2. Cook artichoke hearts as package label directs and drain.
3. Preheat oven to 375f.

MAKING
4. In 2 tablespoons hot butter in a skillet, saute sliced mushrooms for 5 minutes.
5. In 2 tablespoons butter in a saucepan, saute garlic and the chopped shallot 5 minutes and remove from heat.
6. Stir in the flour, pepper and dill and then stir in milk.
7. Bring to boiling, stirring and remove from heat.
8. Stir adding half of the cheese until it is melted and stir in the wine.

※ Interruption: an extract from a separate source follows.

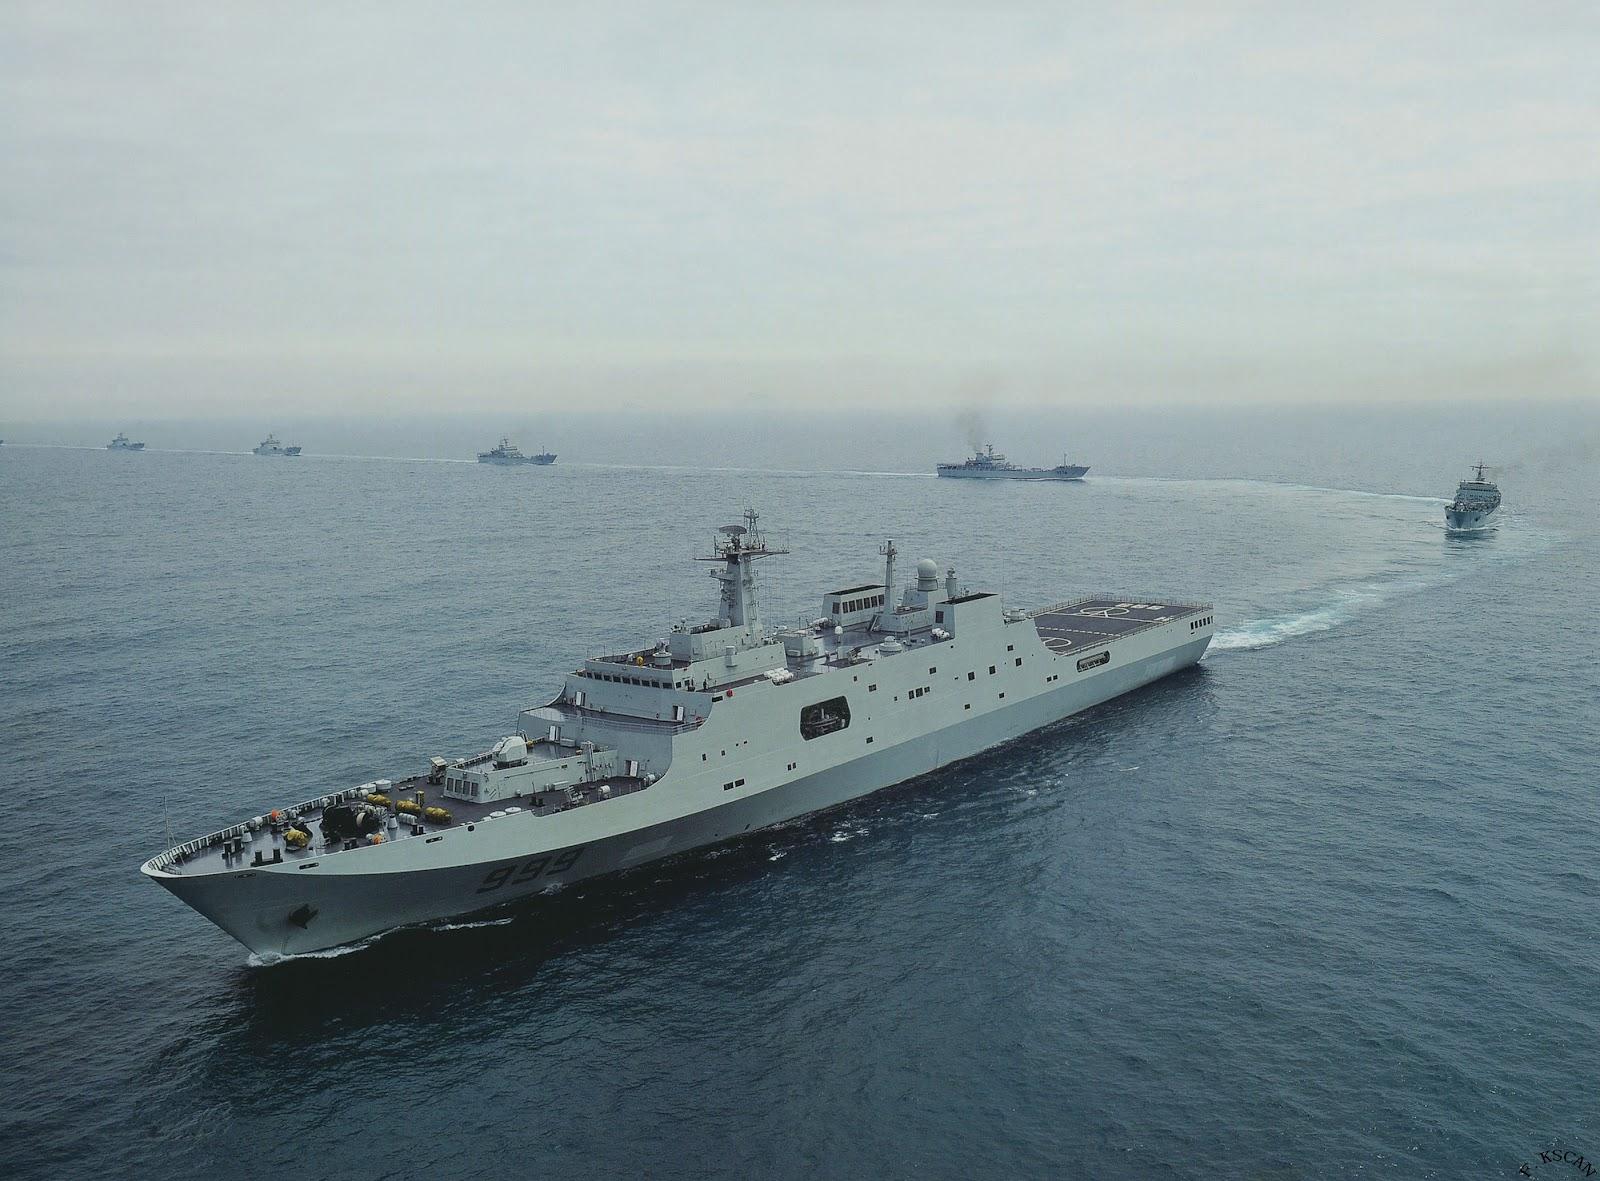 중국해군 상륙함 성장력이 장난이 아니네요.

9. Drain crabmeat, remove cartilage and flake.
10. In a 2-quart casserole, mix lightly combining the sauce, crabmeat, shrimp, artichokes, mushrooms and rest of cheese.
11. Sprinkle with cornflake crumbs and dot with butter.
12. Bake 30 minutes until the mixture is bubbly and the cornflake crumbs are browned.

SERVING
13. Serve the Au Gratin hot with brown flaked crumbs on the top.